A
simple yet useful diff tool with html frontend
This article provides a simple C++ WIN32 tool to perform diffs on arbitrary
files. It also features a nice and workable html output.
1. Diff tools
So you tell me why the hell should I need a diff tool while I already have
windiff in the devstudio package ? windiff is great when you have nothing else
to do your work, but heck this tool leaves a lot to desire, especially the
unproductive way of how the diffs are presented.
After all, if the diffs are so badly presented that you spend time just to
figure them out, why shouldn't windiff be upgraded to something better.
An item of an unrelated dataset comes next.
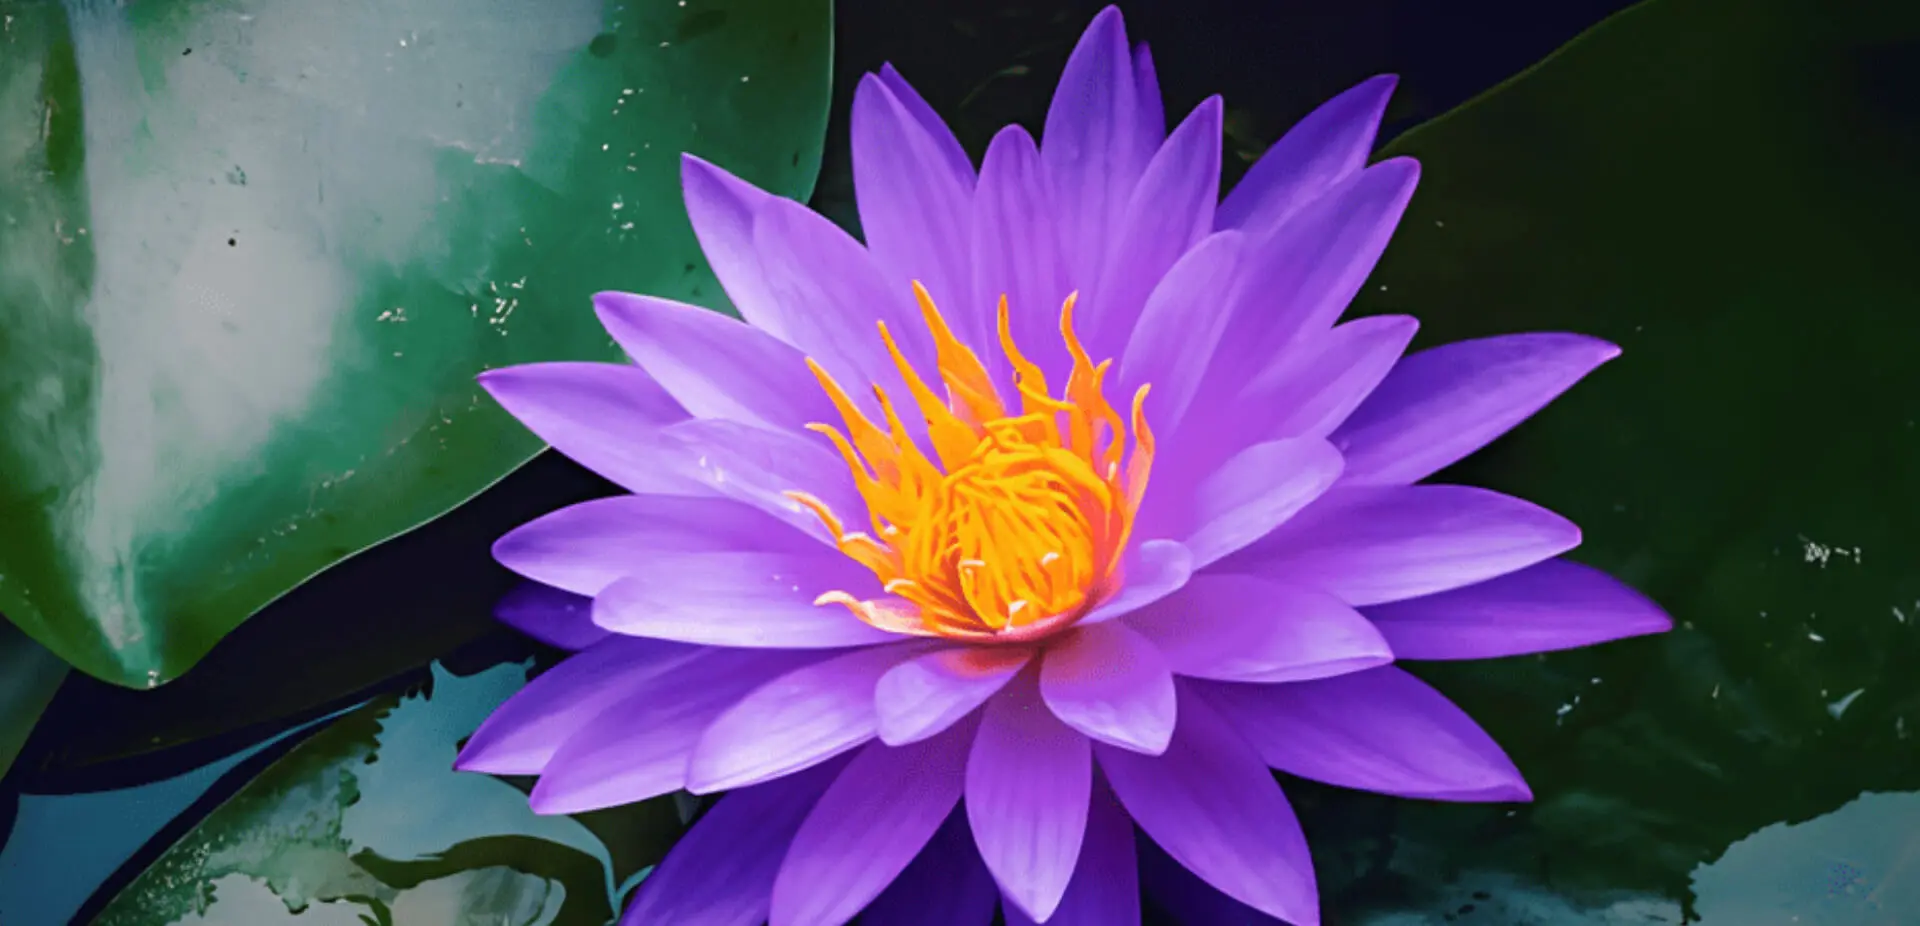 A purple water lily with yellow center in pond.

That said, if you are interested in merging as well as diffing, you can buy a
third party tool such as Araxis[^], or a free tool such as Winmerge[^]. If
you are focused on Xml content, MS lets you play with the Xml diff patch[^], a C#-based diff tool specialized with Xml.
I was urged to produce this tool since I have to do with configuration files
that change over time, and I wanted not only something to show me the diffs over
time, I wanted it to be nicely integrated in the automation chain. This
requirement in fact excluded third parties, because none were providing both the
API I needed and the appropriate rendering format. I also loved the idea that
diff algorithms and associated techniques were something new to me.
So I took the keyboard and wrote that simple tool. The engine itself took me
a couple hours. It means that a diff tool can't be that hard to build. Ok, what
do we have then :
- Ability to start the tool by double-click (GUI), with a multiple-file
selection
- Ability to start the tool in batch mode
- Fast and simple algorithms
- Custom options such like disabling case sensitiveness, and indent
- Side-by-side Html rendering, with key diff coloring
- Blank lines used to sync content from both source files
2. Using it
It's important to note that, although the picture above shows a diff between
Xml files, this tool can be used for ALL possible text file formats you might
think of. It's an agnostic diff tool.
2.1 interactive mode
Simply double-click on the executable, then choose two files to compare in
the multi-selection File dialog. The Html rendering is automatically displayed
by your default browser as soon as the diff engine has finished the job.
2.2 command line mode
In batch mode, the syntax is : diff.exe <file1> <file2>
<htmlfile>. For instance, if you have two different versions of
Bookshop.xml, namely Bookshop.4.xml and
Bookshop.5.xml, then the diff can be built with this command line :
diff.exe "c:\...\Bookshop.4.xml" "c:\...\Bookshop.5.xml"
diff.html.
For those of you expecting to pipe the output somewhere else, I have provided
another project file, diffstdoutput.dsp, which is a console
application with stdout output.
2.3 using options
By default, the diff tool is case sensitive and also
watches indent. Depending on the need, it's of interest to disable either. In
interactive mode, just uncheck the boxes. In command line mode, add
-c or
-i in the command line. In the code itself, you
can play around the
CFileOptions class which is instantiated at the
top-level, and whose behavior is watched by all rows while doing the diff.
3. Compiling it
Although the main diff.dsp project file uses MFC (Open-File
dialog, CString, CFile), the diff engine itself does not require it. In fact, I
have provided a separate diffengine.dsp project which produces a
static library and is only relying on WIN32 (I have added to it my own CString
and CFile classes).
Tested on 9X/2K. Both VC++6 and VC++7 workspaces are provided.
4. Developing it
4.1 the diff engine
I have always thought that producing a diff was a difficult engineering
problem. I was wrong. Against all odds, the design I had on first thought
perfectly worked through time. Basically, what I have is a structure which, for
each line of both source files, attaches a signature and a status.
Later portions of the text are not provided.